The newly introduced Best Album Cover award has already turned into music lover’s favorite debate club. Wet Leg, Perfume Genius, Bad Bunny, Djo, and Tyler, the Creator made the first-ever shortlist. Fans are arguing already about everything from aesthetics to snubs. Take, for example, Sabrina Carpenter’s highly controversial cover of Man’s Best Friend that everyone made a TikTok video explaining their position about. But controversy does not equal quality, and the voters clearly kept that in mind.

Swifties… there is a deadline. 

Taylor Swift’s zero nominations have nothing to do with politics or sabotage. It’s the calendar. This year’s eligibility window ran from Aug. 31, 2024 to Aug. 30, 2025, and Swift’s The Life of a Showgirl dropped on Oct.3, 2025. Yet every year, people act like the deadline is a mythological creature.

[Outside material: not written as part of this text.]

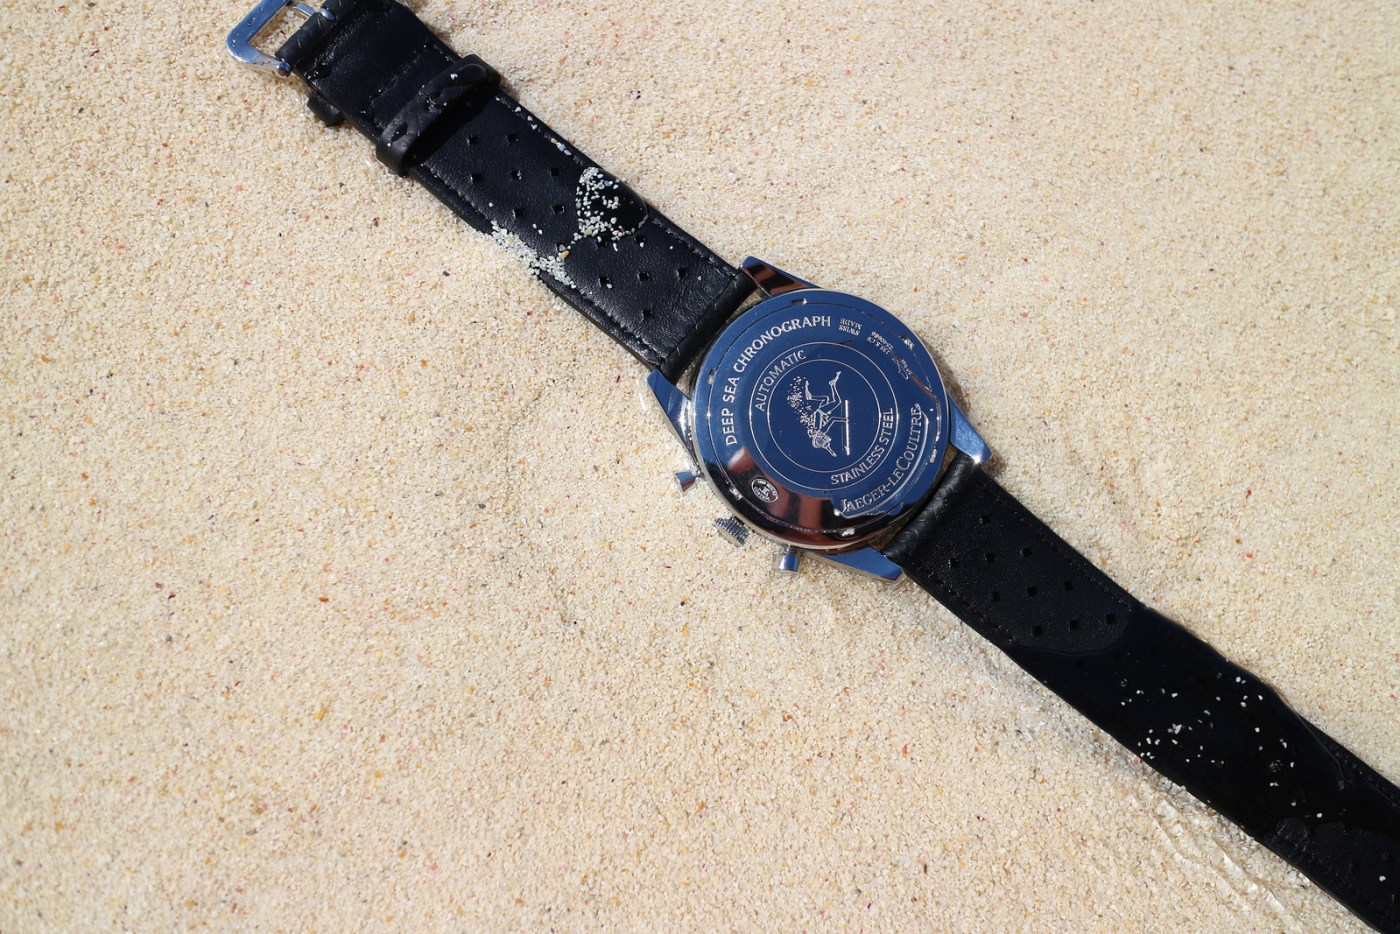 Jaeger-LeCoultre Deep Sea Chronograph caseback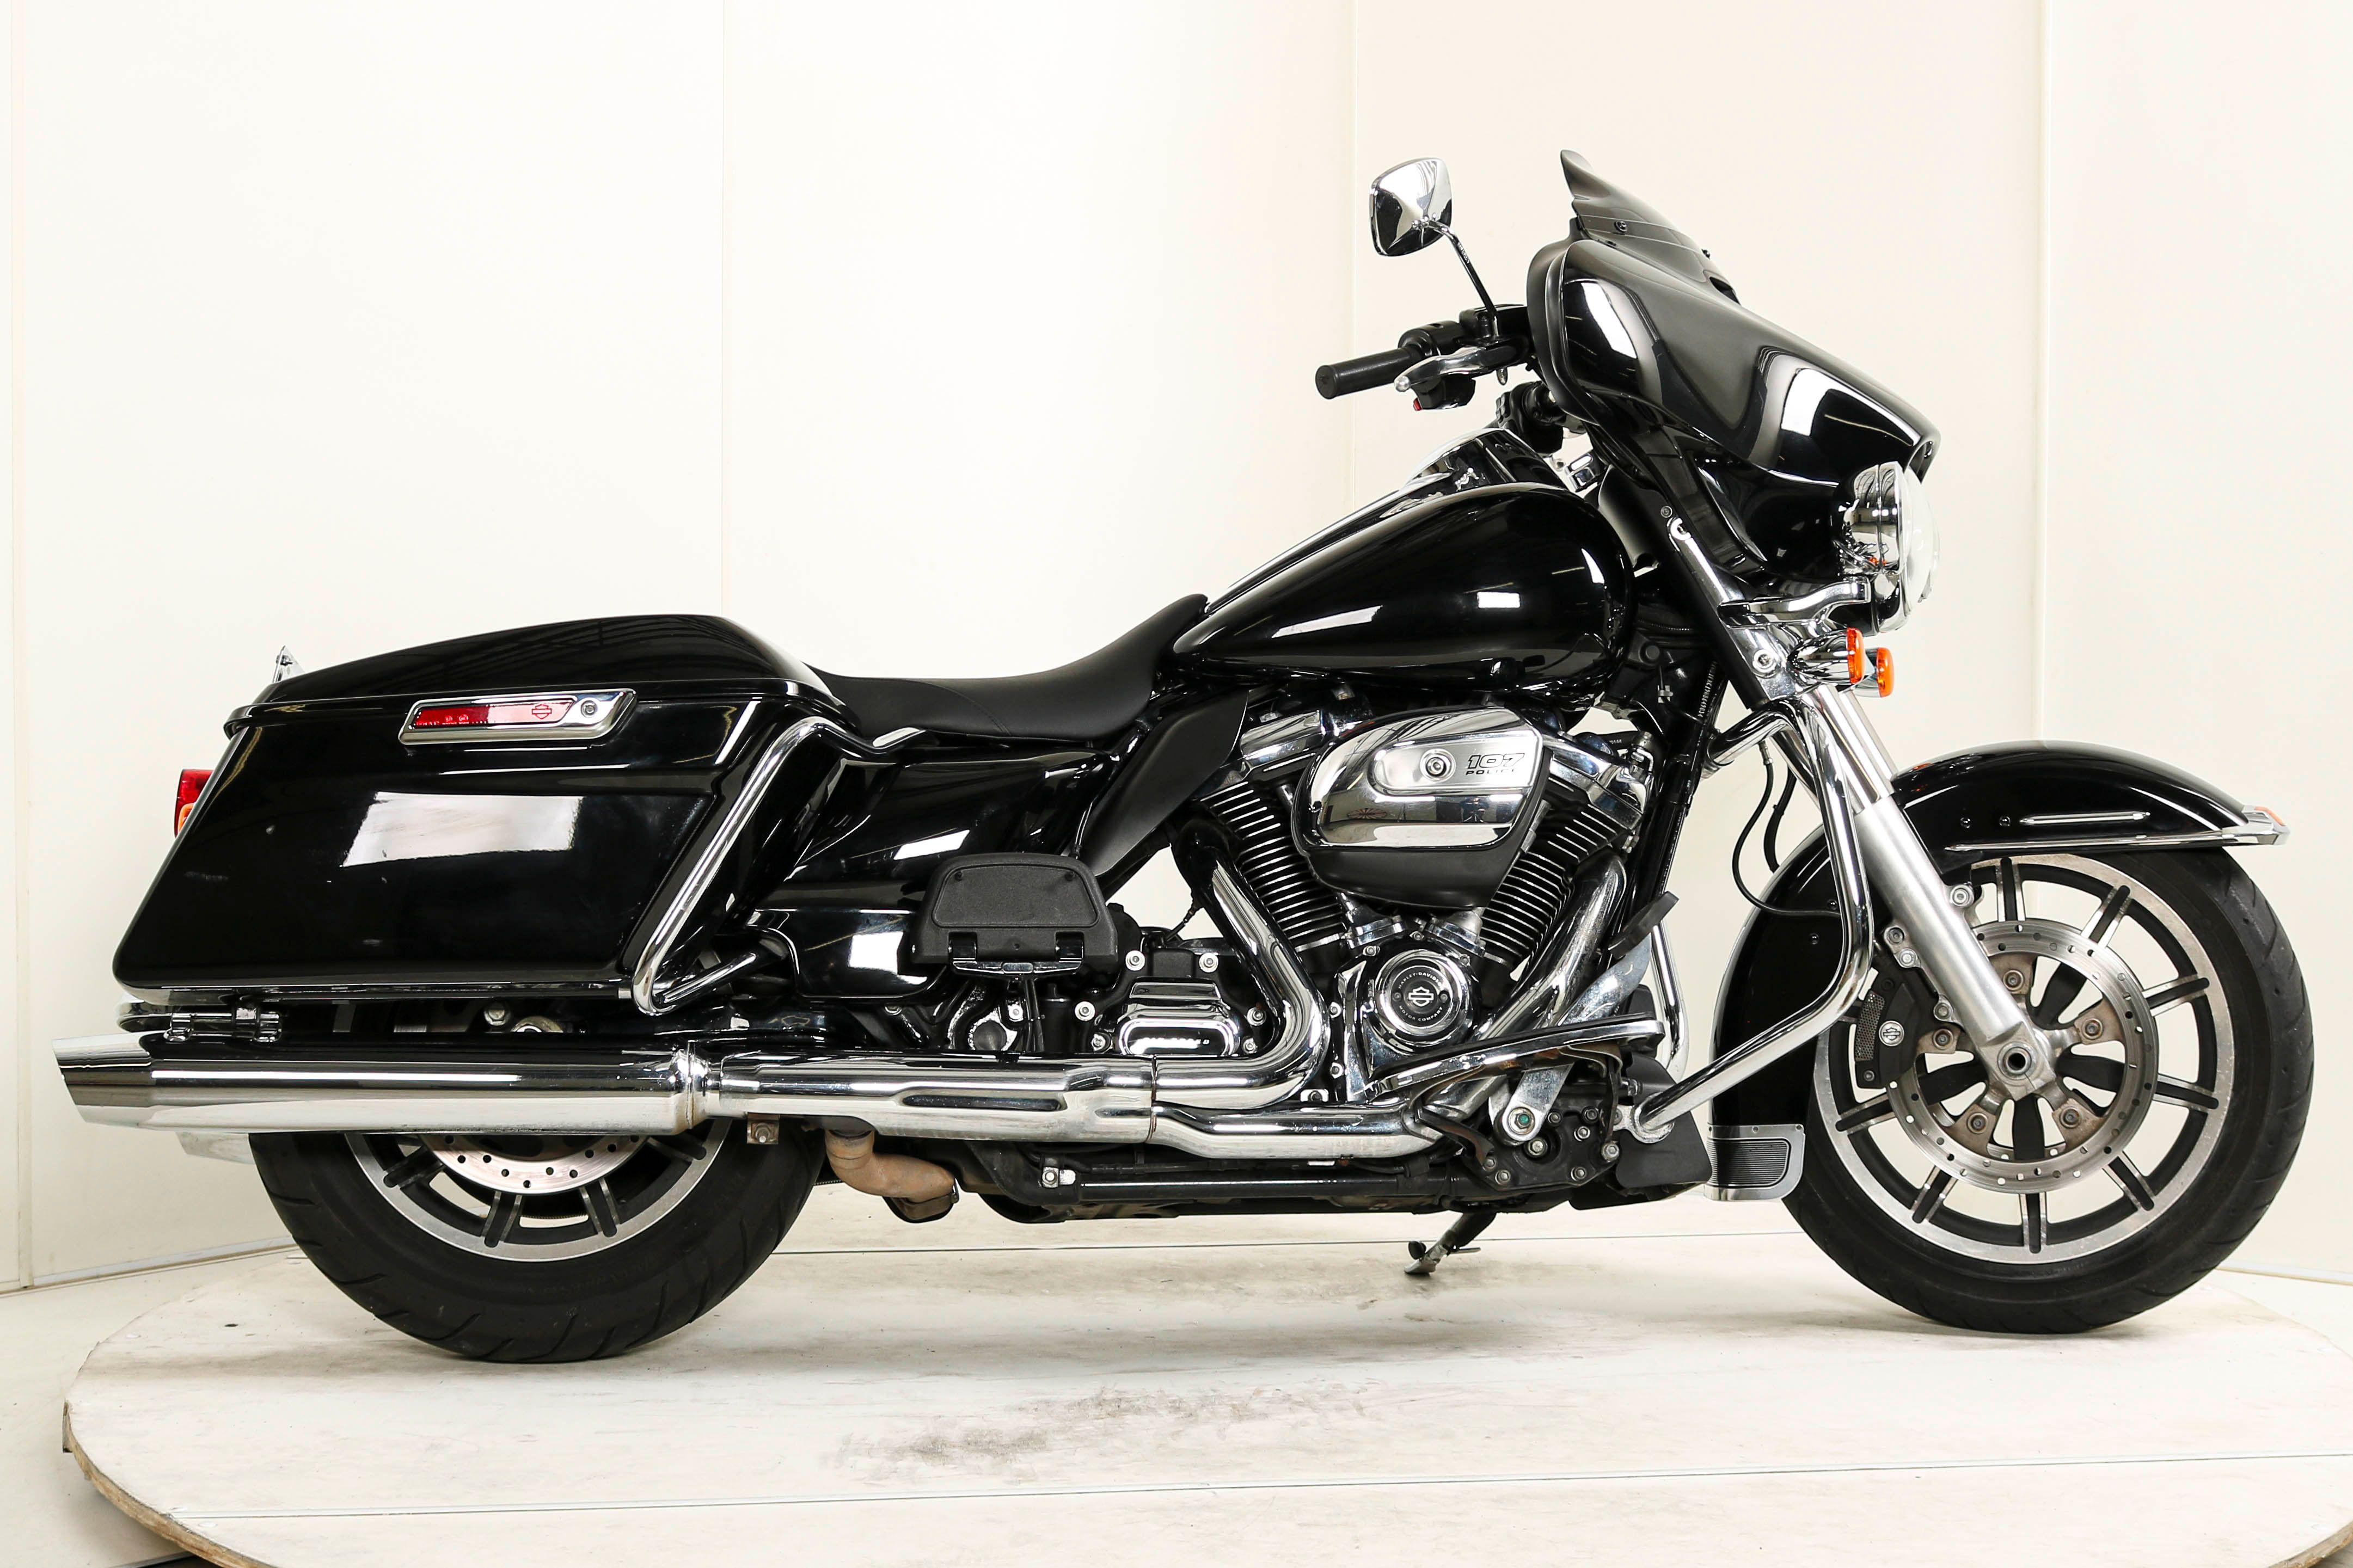 2017 Harley-Davidson Electra Glide Police

Best new artist does NOT equal newborn.

Every year, people relearn that “new” really means “breakthrough" with this category. That’s why The Marías, who have been around since 2016, still qualified. It’s not really about starting; it’s about when an artist has truly arrived to capture the industry’s attention. 

Bad Bunny deserves to sweep, actually. 

This year had to be Bad Bunny’s year as he ran it on his term, delivering high-quality music, staging an ambitious hometown residency in Puerto Rico that fans traveled across continents to attend, and largely skipping the U.S. on tour while still commanding global attention. With a Super Bowl halftime performance on deck, he’s stayed louder than most artists who even tried. A Grammys sweep feels like the natural outcome for this kind of dominance.